Patients with diarrheal illness may demonstrate variability and potential toxicity following Tac exposure . However, in our study, the authors observed no significant metabolite alterations within the intestine. Tac metabolism is regulated by the CYP3A enzyme system, and occurs mostly in the small intestine, liver, and kidney . The upper small intestine is the primary site for CYP3A4-based first-pass metabolism in humans, which may explain the metabolic alternation in the intestine. However, additional studies are warranted to validate our results.
Post transplanted diabetes mellitus (PTDM)

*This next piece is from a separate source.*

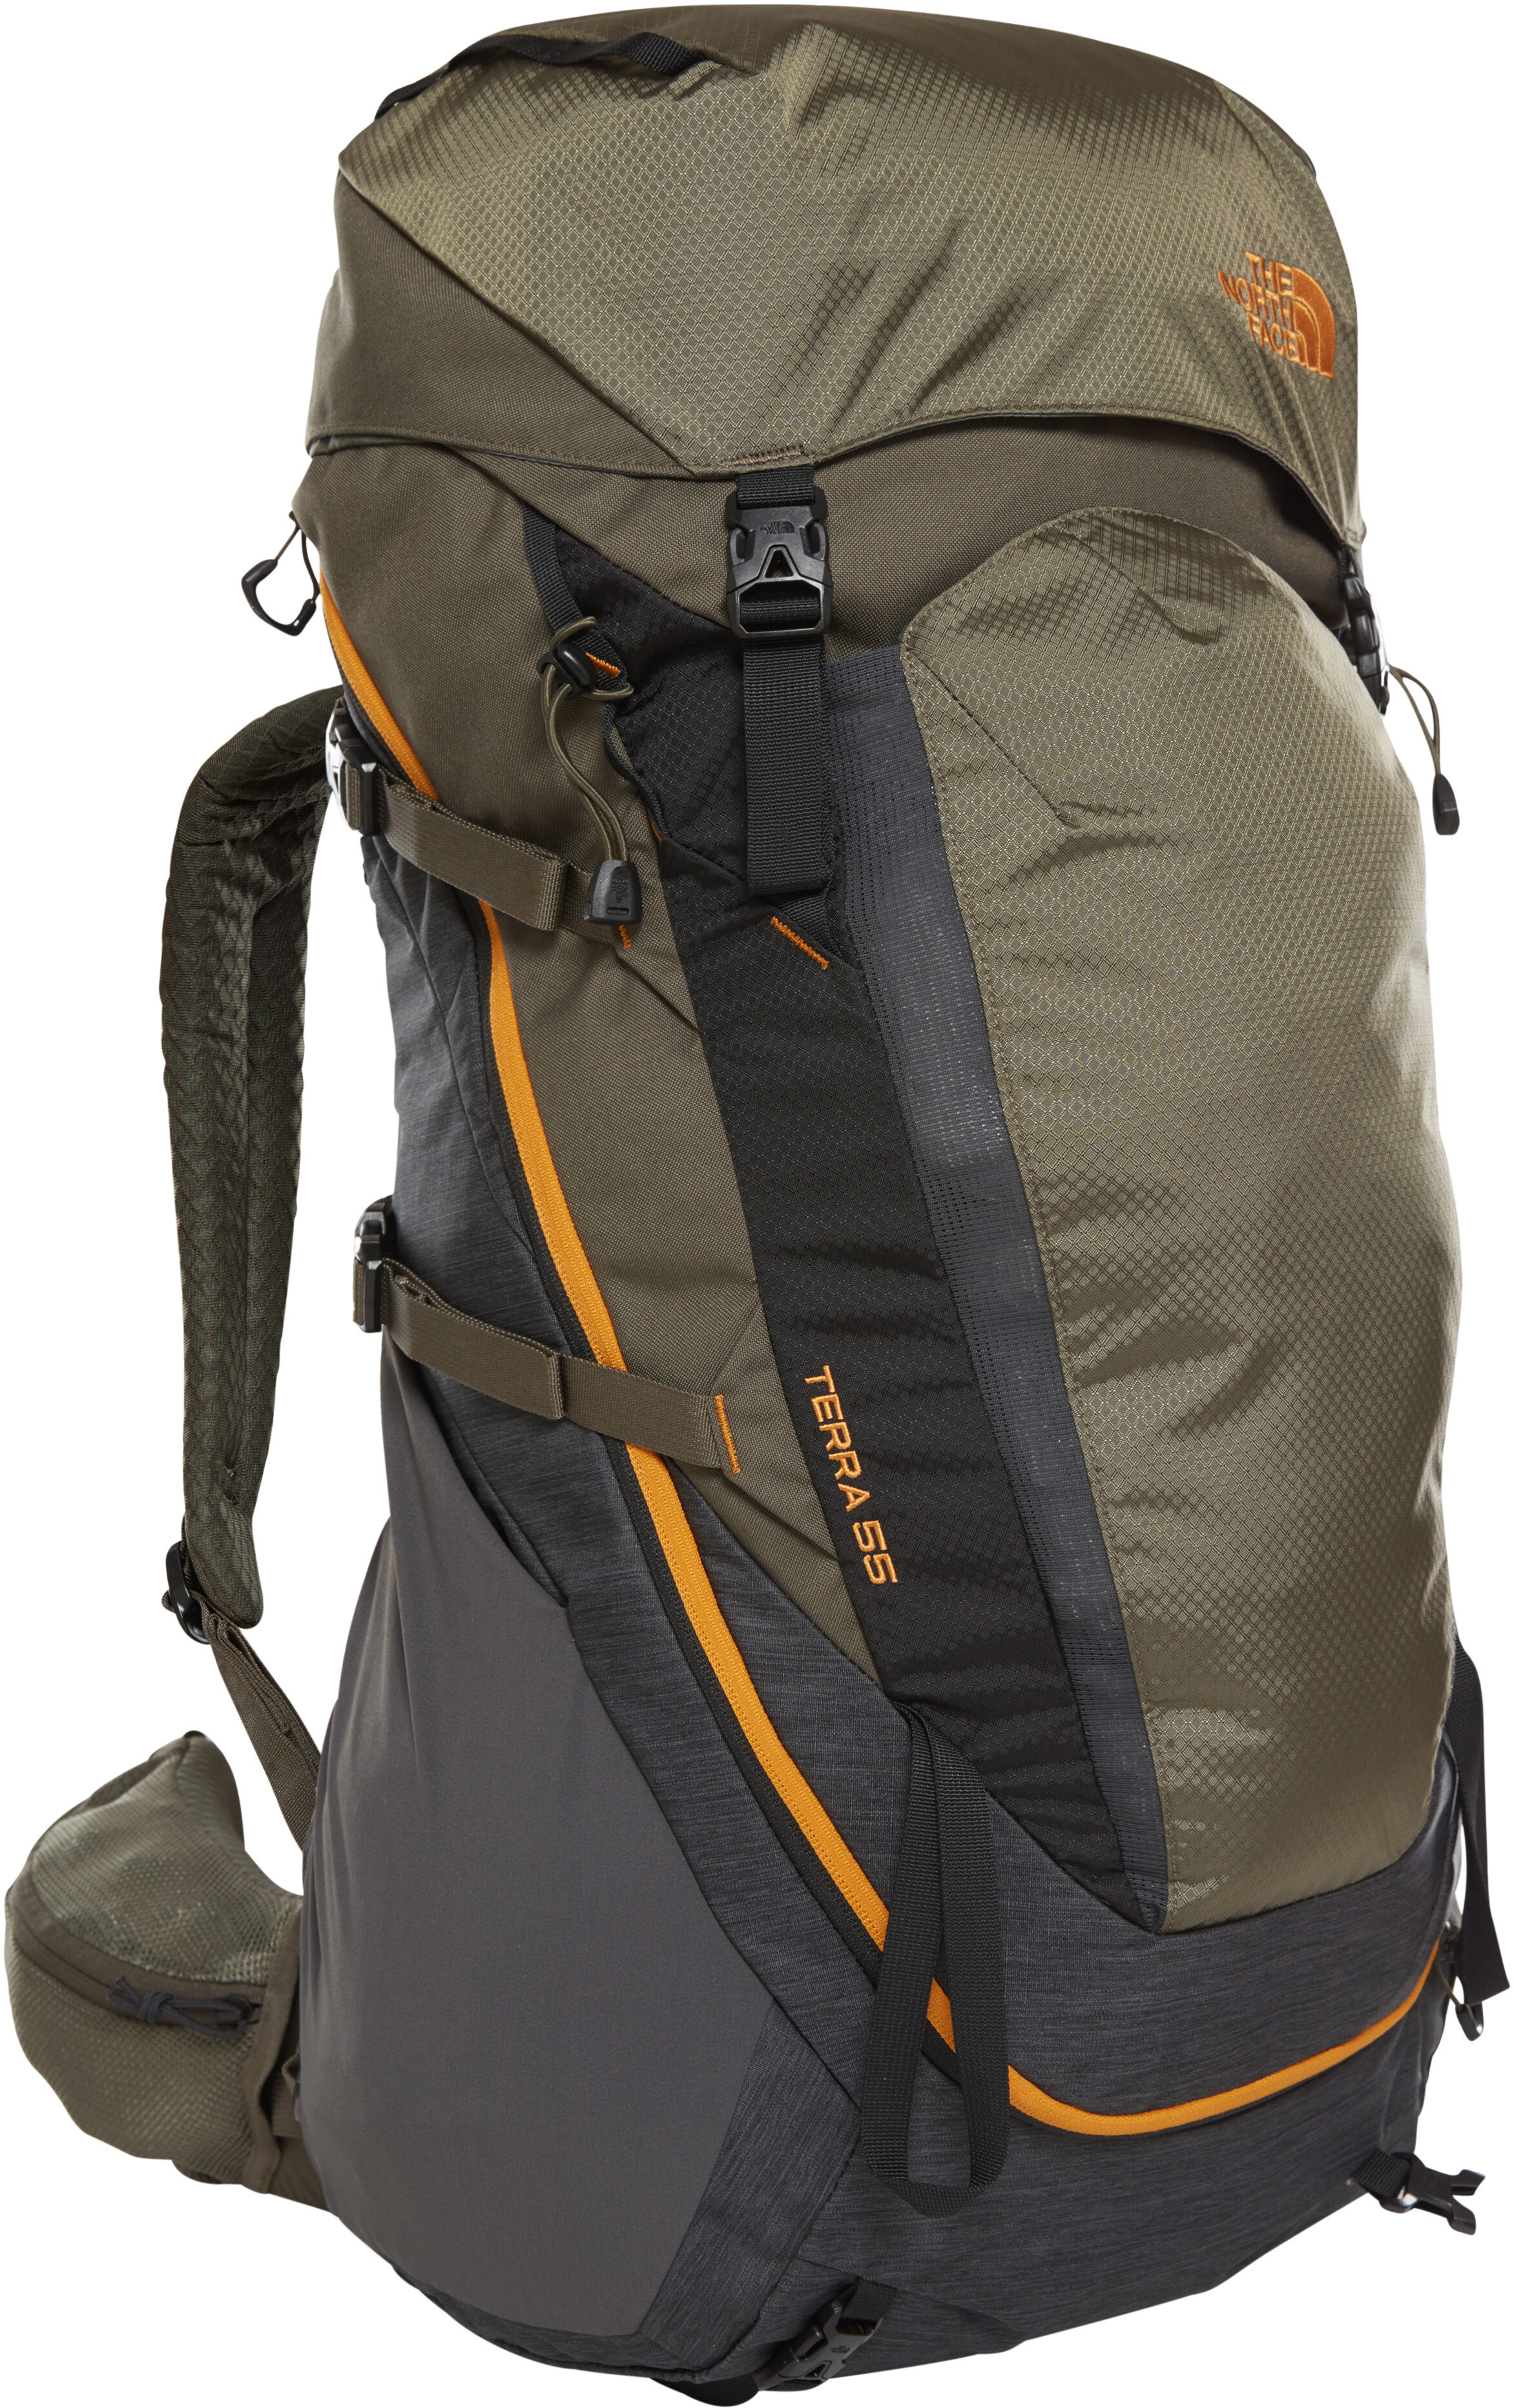 The North Face Terra 55 Backpack tnf dark grey heather/new taupe green

Post transplanted diabetes is among the most severe Tac-mediated adverse effects . It is brought on by β-cell apoptosis, diminished insulin gene expression, and direct toxicity to the islets of Langerhans . Tac-mediated islet toxicity is most frequent during solid organ transplantation, and it has a prevalence of newly developed diabetes following transplant of up to 30% within the first year [21,22,23]. Our study uncovered several carbohydrate metabolite alterations in multiple tissues, namely, D-fructose, D-glucitol in the serum, D-Fructose in the heart, D-glucitol in the liver, and D-glucose in the kidney. These alterations indicate carbohydrate metabolism dysfunction following Tac-induced toxicity. Hence, this study confirmed that Tac exposure increases risk of developing PTDM.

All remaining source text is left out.